Retype, word for word, the line holding "Atalanta fans cheer" and each line after it down to the end of the data; pictures are not copied.

DATASET EXTRACT —
<<<<

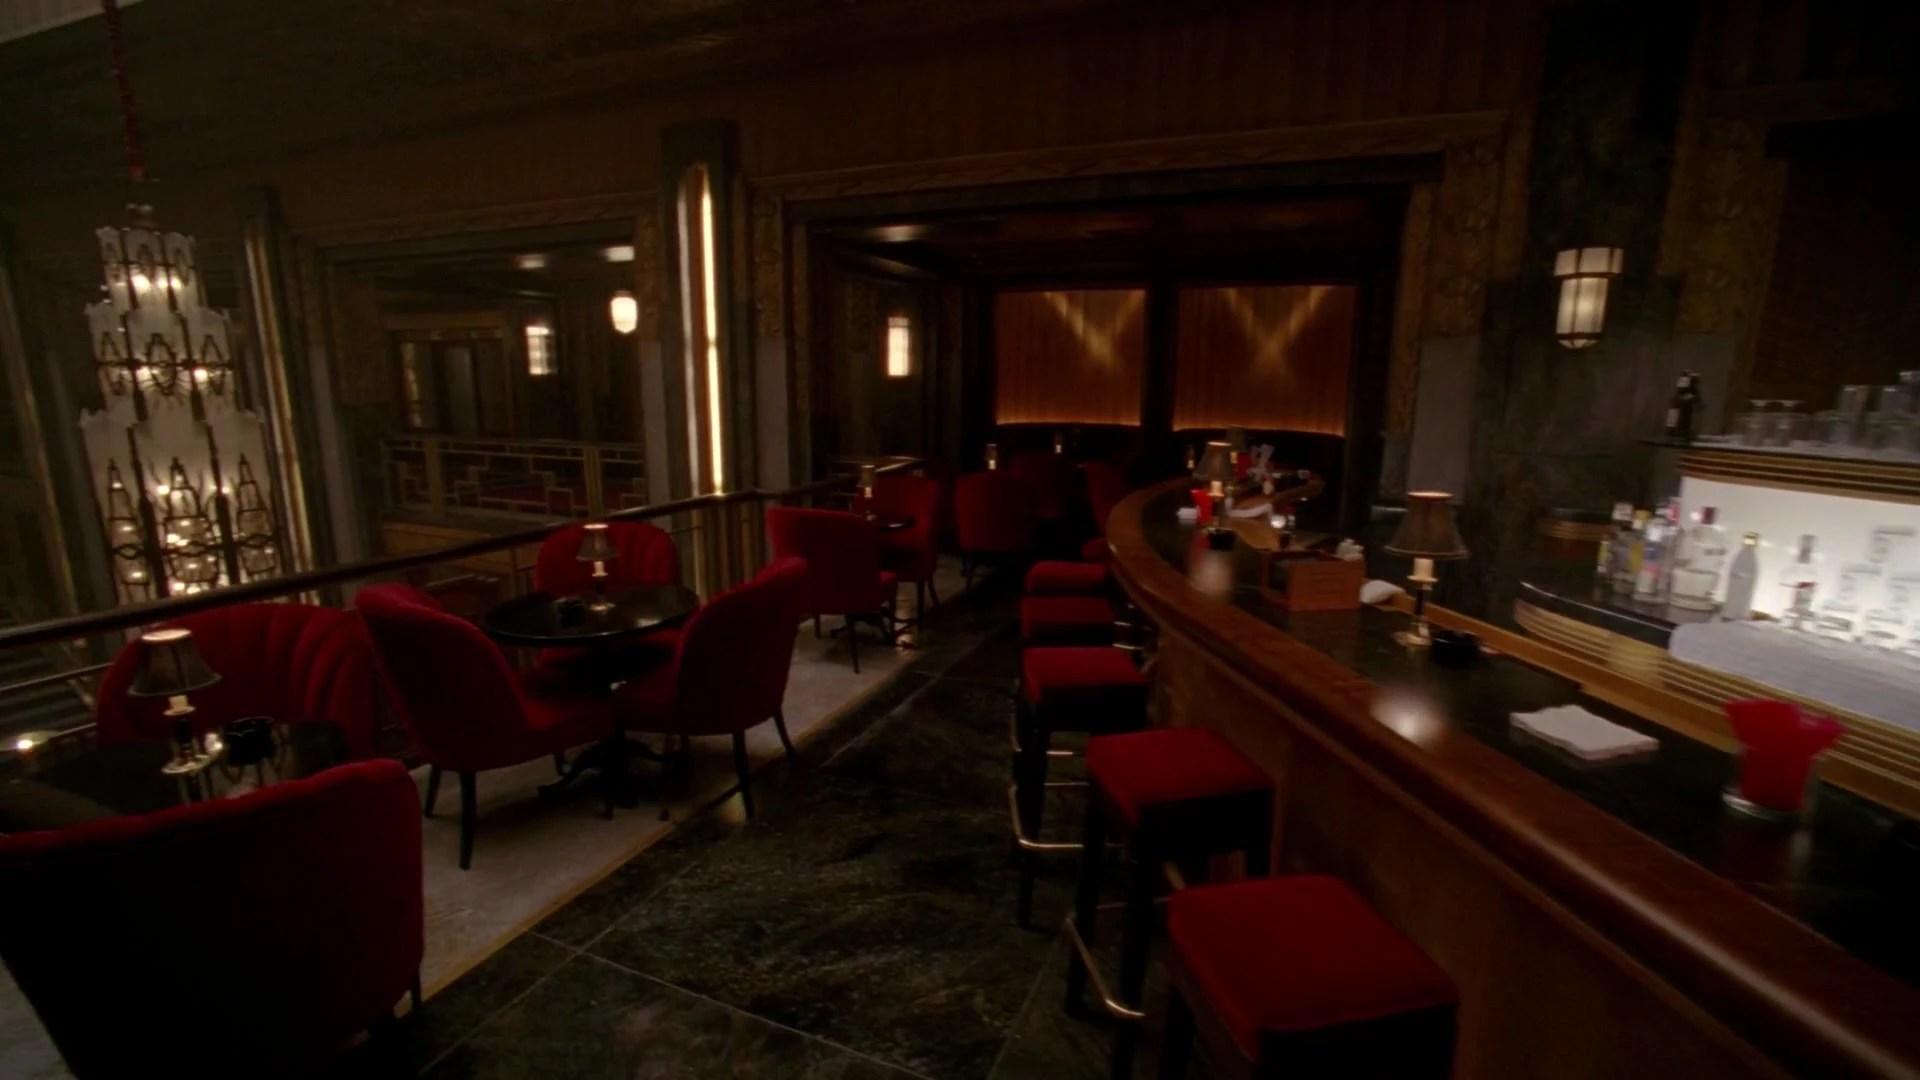 Hotel Cortez American Horror Story
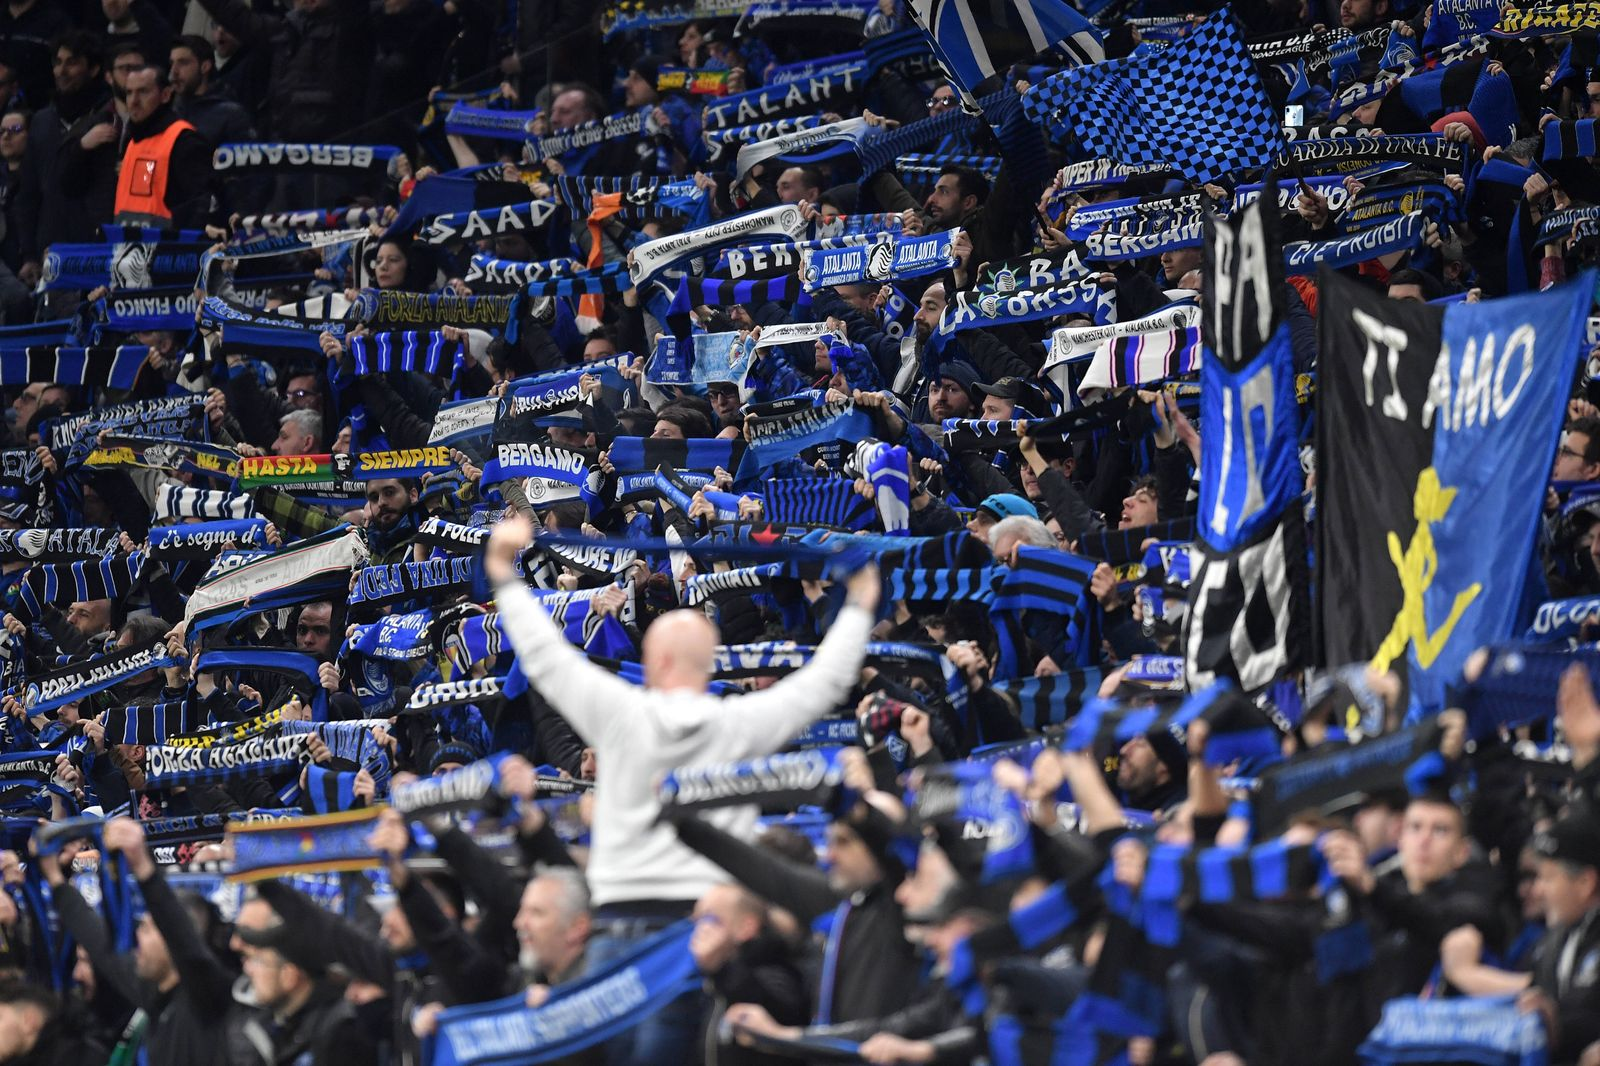 Atalanta fans cheer on Milano 19/02/2020 Stadio San Siro Football Champions League 2019/2020 Round of 16 1st leg Atalant
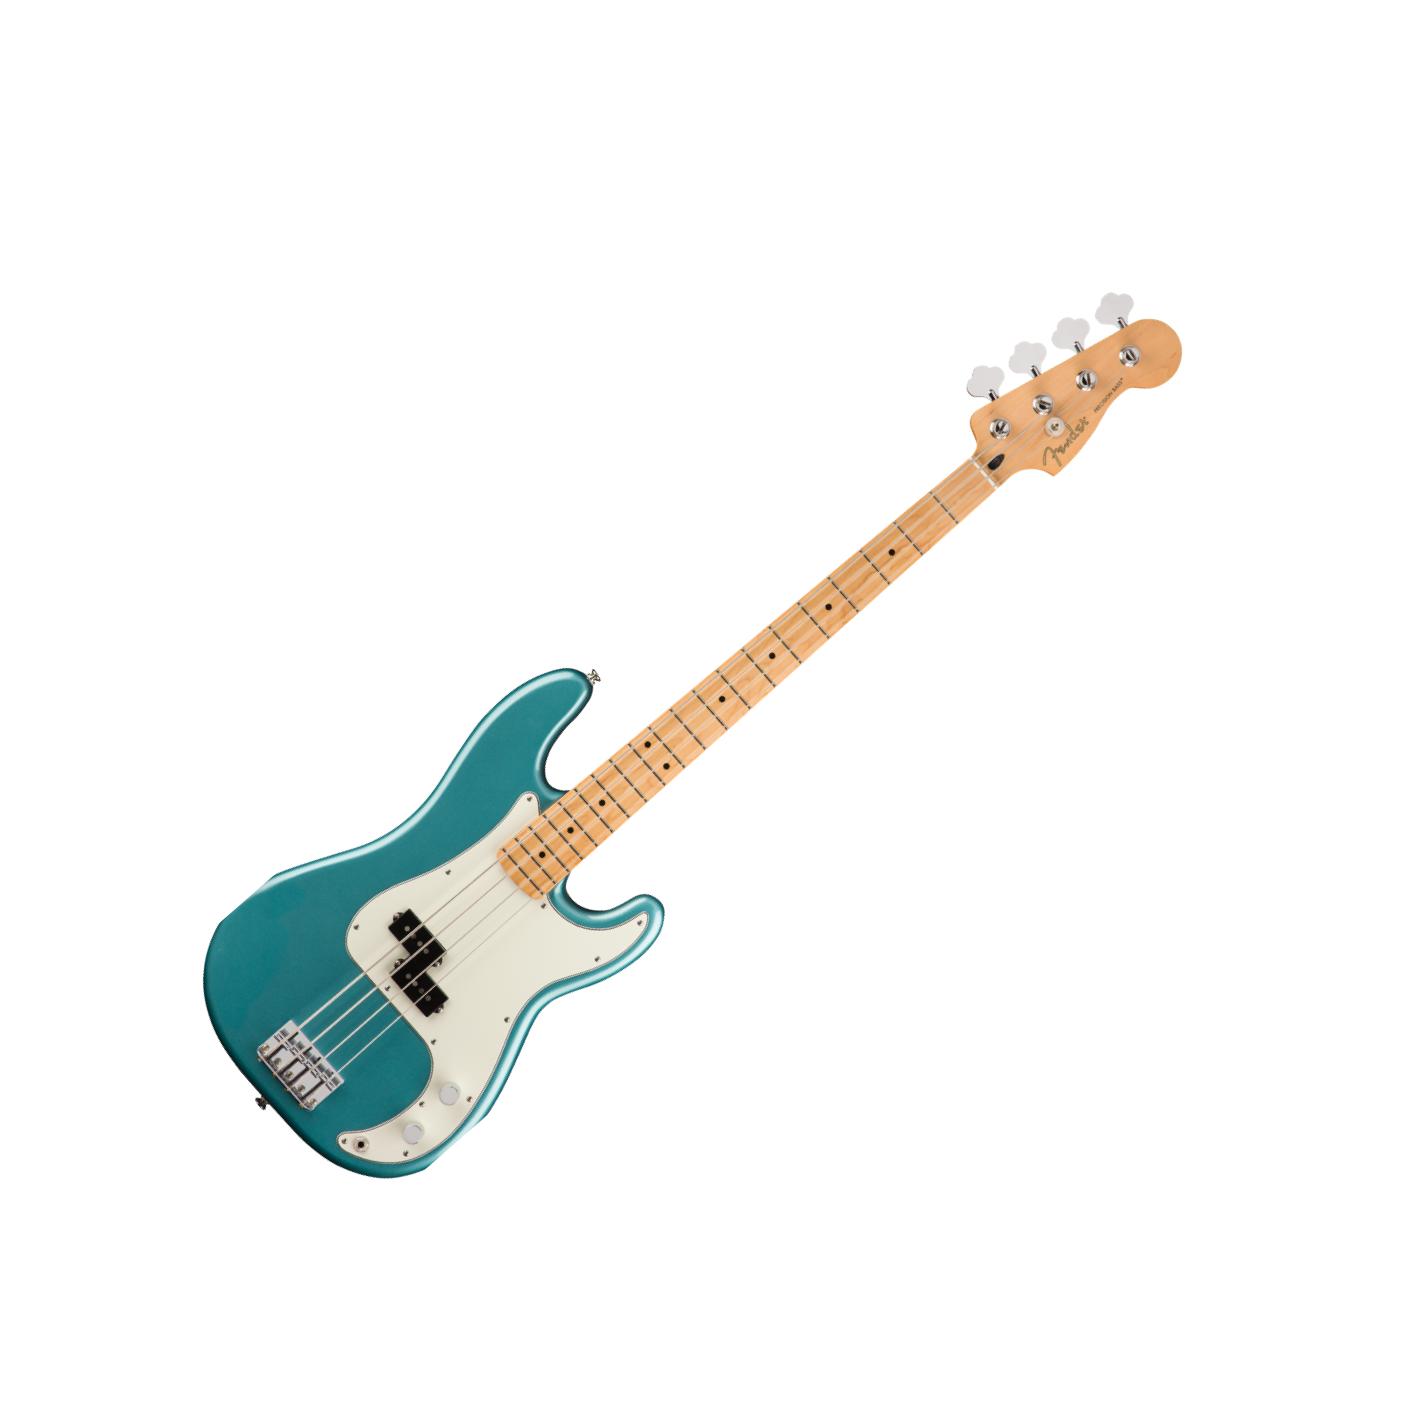 Fender Player P Bass MN Tidepool

>>>>

RESULT —
 Atalanta fans cheer on Milano 19/02/2020 Stadio San Siro Football Champions League 2019/2020 Round of 16 1st leg Atalant
 Fender Player P Bass MN Tidepool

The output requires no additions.